We previously reported an imaging technique, two-photon scanning patterned illumination microscopy, which employs patterned 2P laser excitation and frequency domain SIM reconstruction to increase optical resolution and imaging depth of SRLM [28]. Although this method simultaneously addressed some of the aforementioned drawbacks, it was limited in dynamic imaging applications due to its modulation implementation, which constrained resolution, contrast, and imaging rate (see Supporting Information). In this report, we introduce two-photon Super-resolution Patterned Excitation Reconstruction (2P-SuPER) microscopy. It uses cascaded electro-optical modulators (EOMs) and integrated adjustable magnification optics to improve spatial resolution, imaging depth, and imaging rate, while adding multicolor imaging capability and reducing excitation fluence. After validating the resolution (approximately 100 nm) and penetration depth (> 130 μm) of 2P-SuPER, we used it to image nanoscopic neuronal architecture in the neocortex and the hippocampus, investigating dendritic spine dynamics associated with plasticity induction.
2. Methods
2.1. Experimental setups
We designed 2P-SuPER based on a commercial inverted microscope (IX81, Olympus).

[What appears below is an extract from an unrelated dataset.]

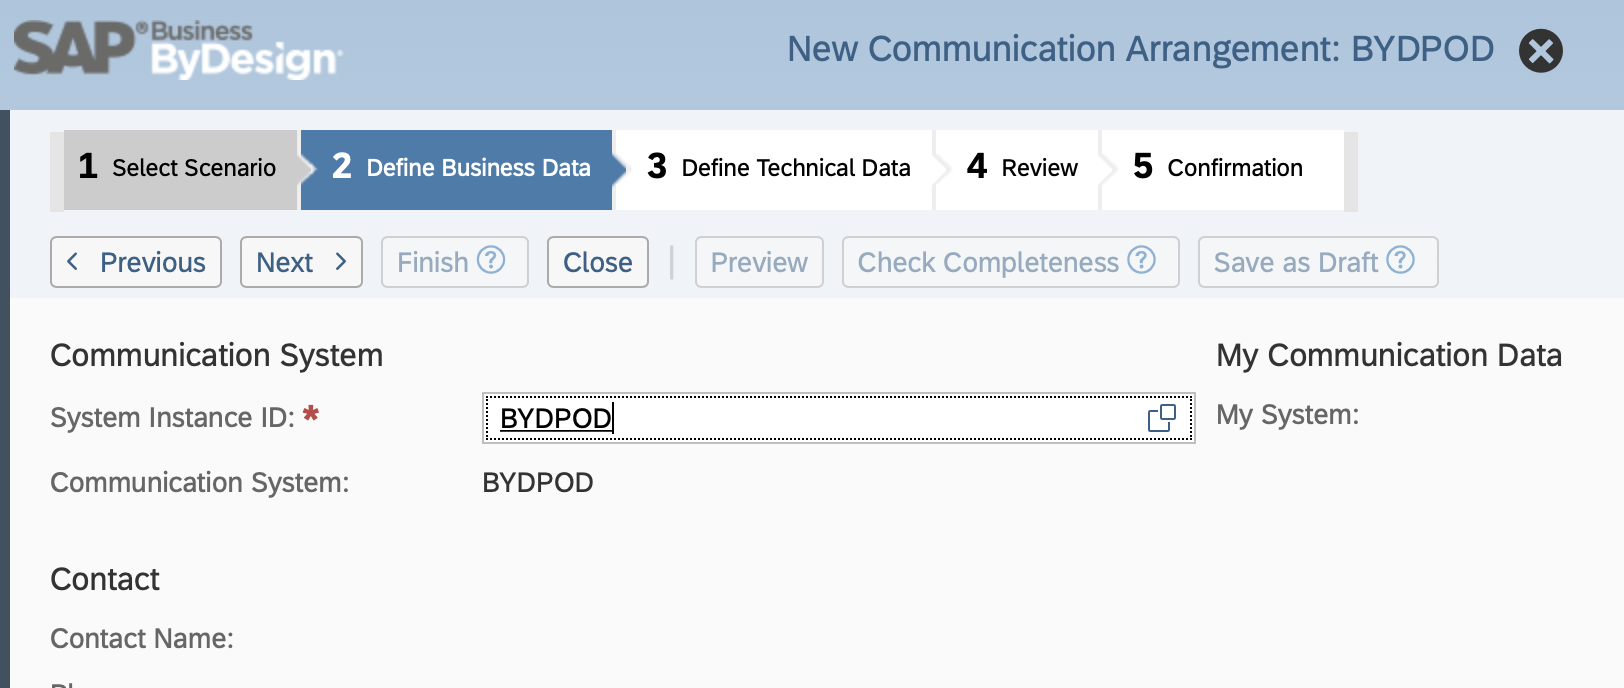 SAP Business ByDesign Communication Arrangement #2
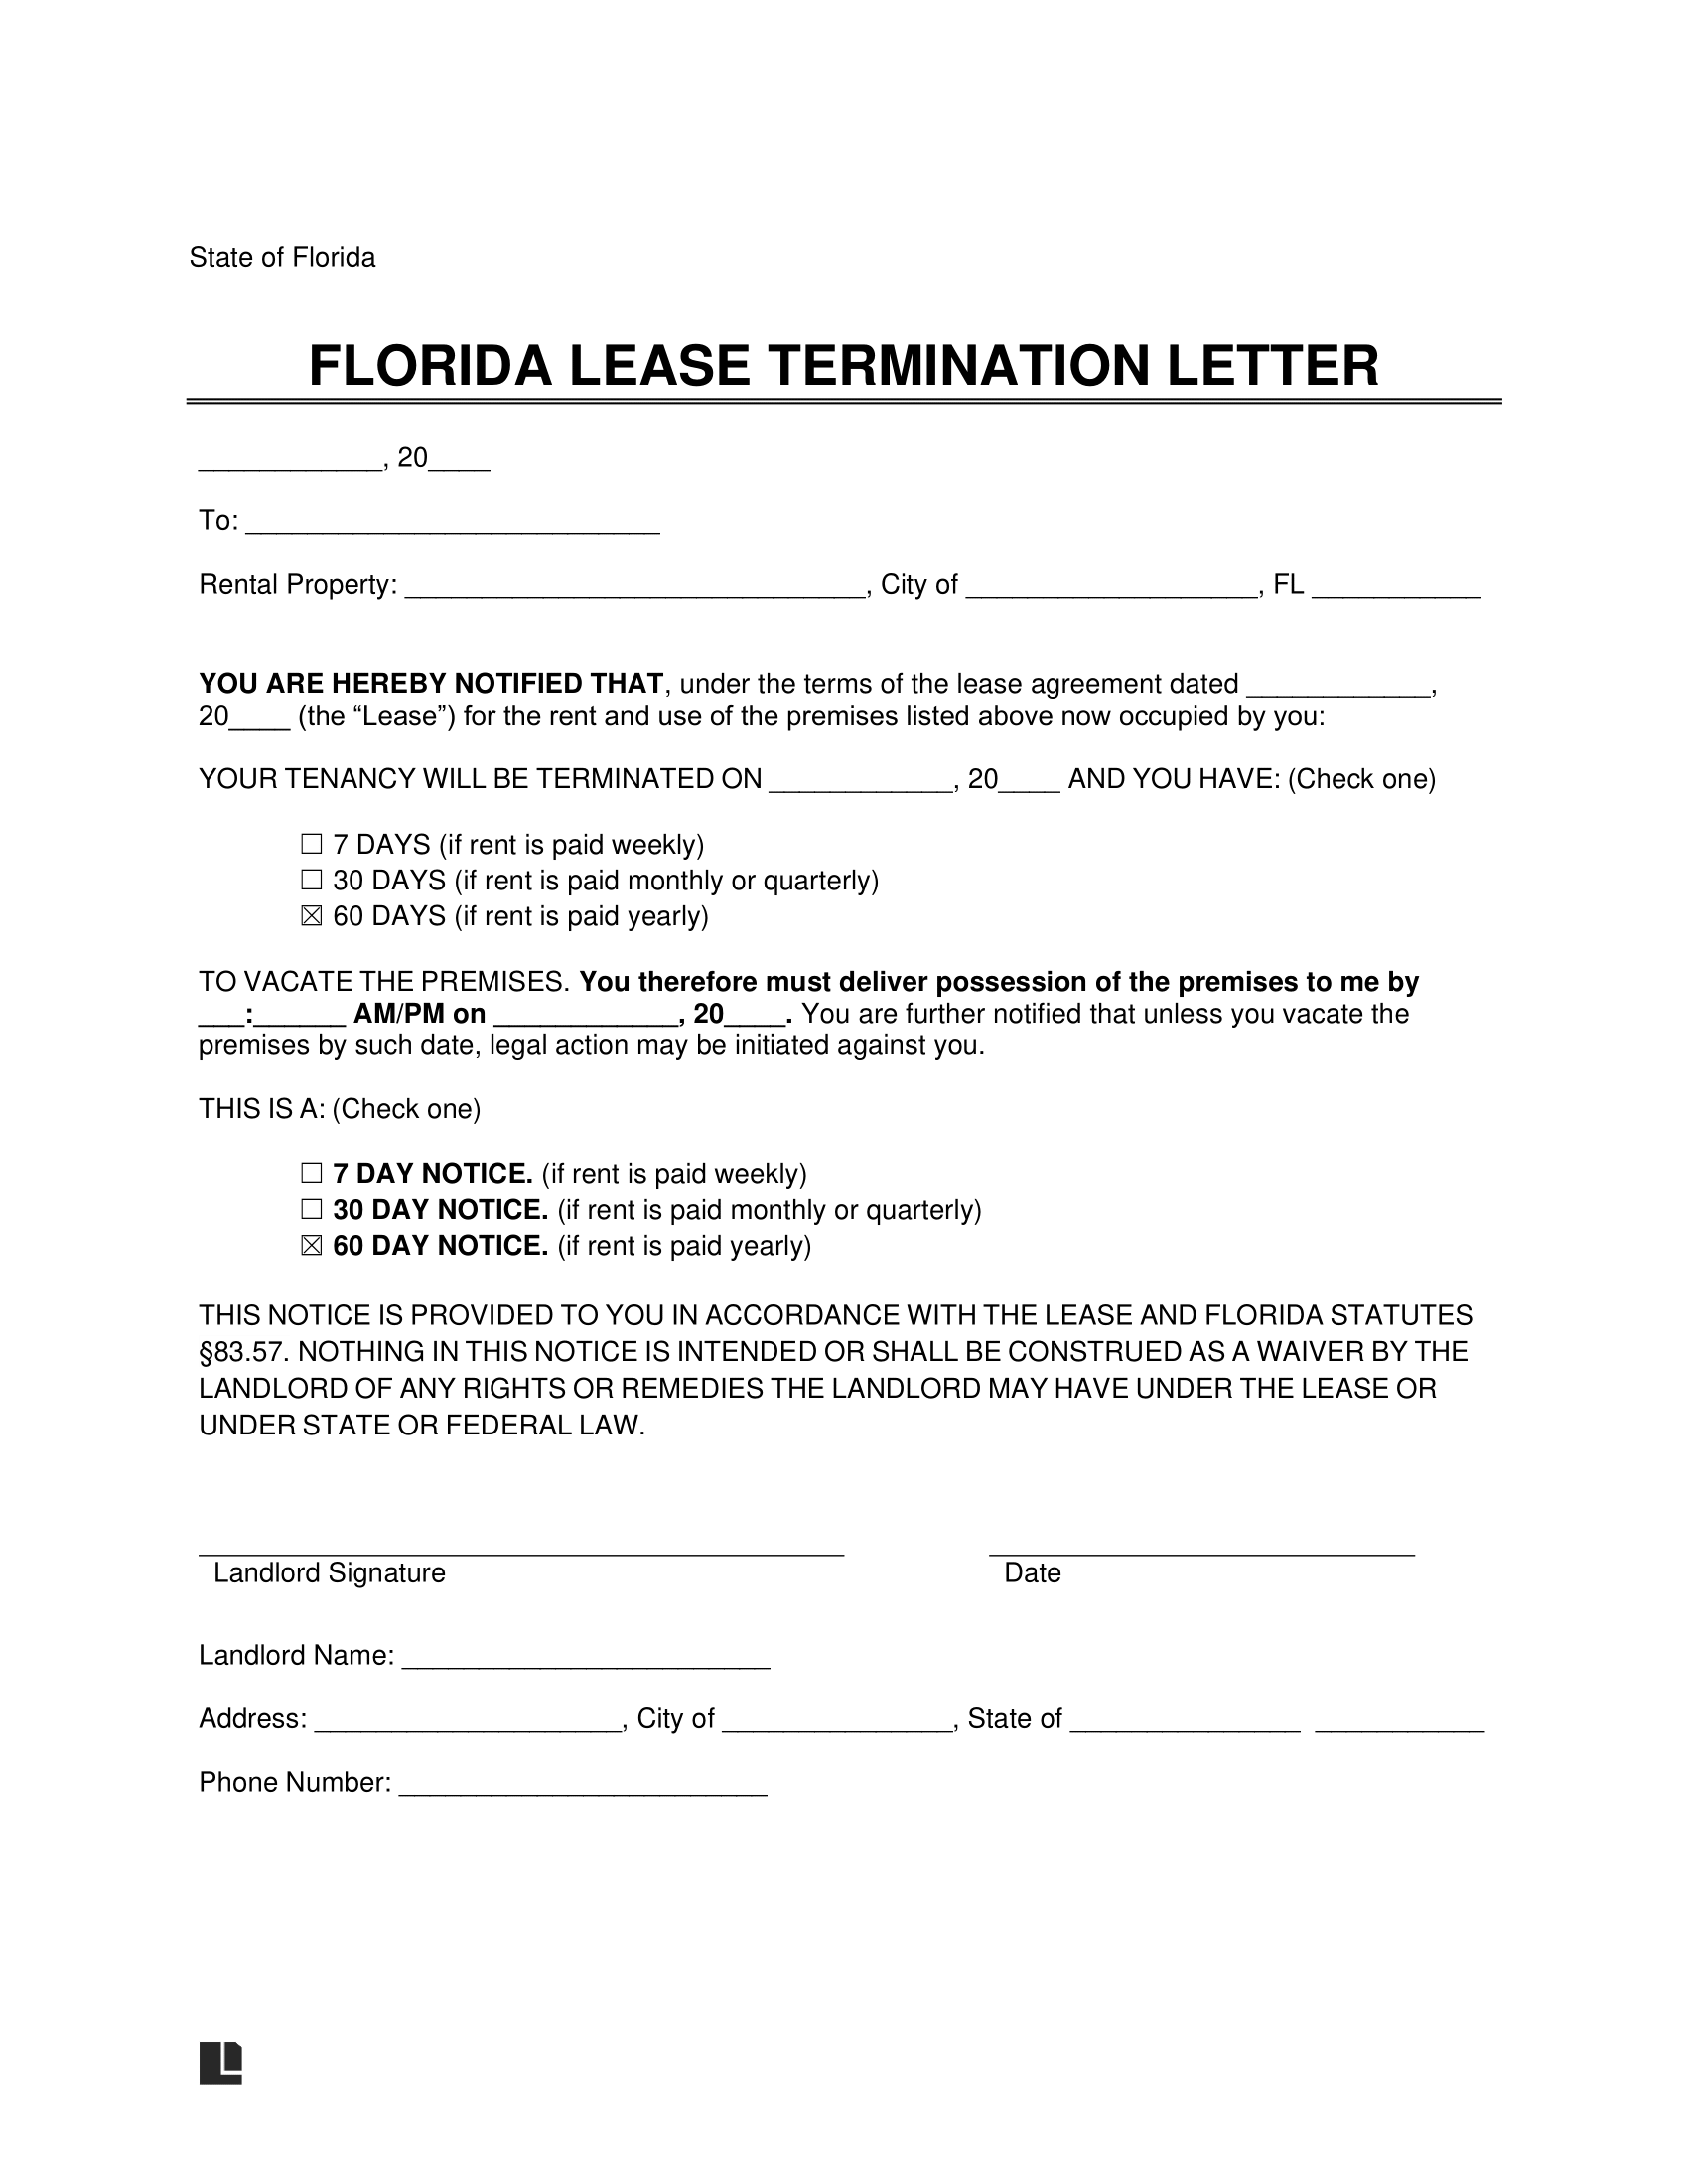 Florida Lease Termination Letter Template

The output beam of an 80 MHz Ti:Sapphire laser with 100-fs pulse width (Mai Tai, Newport) first passed through a beam condenser before being routed through two electro-optic modulators (EOMs) (350-160-02-Bk, 350–80 LA-BK-02, Conoptics, Inc.) cascaded in series to sinusoidally modulate the beam (see Supporting Information). Next, the beam was directed to the microscope body after passing through a two-dimensional galvanometer scanning mirror system (QS-7 OPD, Nutfield) and a telescopic beam expander (magnification ratio: 125/30). The NIR excitation light entering the microscope was reflected off a dichroic beam splitter (69218, Edmund Optics) and projected onto the sample through a 1.4-NA 100x oil immersion objective (UPlanSApo, Olympus). Imaging was confined to near the aplanatic point of the objective to minimize spherical aberrations. We used a custom LabVIEW™ program to synchronize the galvanometer scan and the sinusoidal modulation frequency of the EOMs to produce the desired patterned illumination field onto the imaging plane (Figure 1). To collect fluorescence emission, we used an NIR filter (49822, Edmond Optics) and a custom-made filter wheel with blue (FF01–439/154–25, Semrock), green (FF01–550/88–25, Semrock), and red (FF02–641/75, Semrock) band-pass filters before the EMCCD (C9100–13, Hamamatsu). We also used an adjustable magnification lens system (UltraZoom 6000, Navitar) to control the pixel size and imaging plane on the EMCCD. The EMCCD exposure duration matched one patterned illumination. We acquired images corresponding to nine illumination patterns with three angles and three phases [28] for reconstruction.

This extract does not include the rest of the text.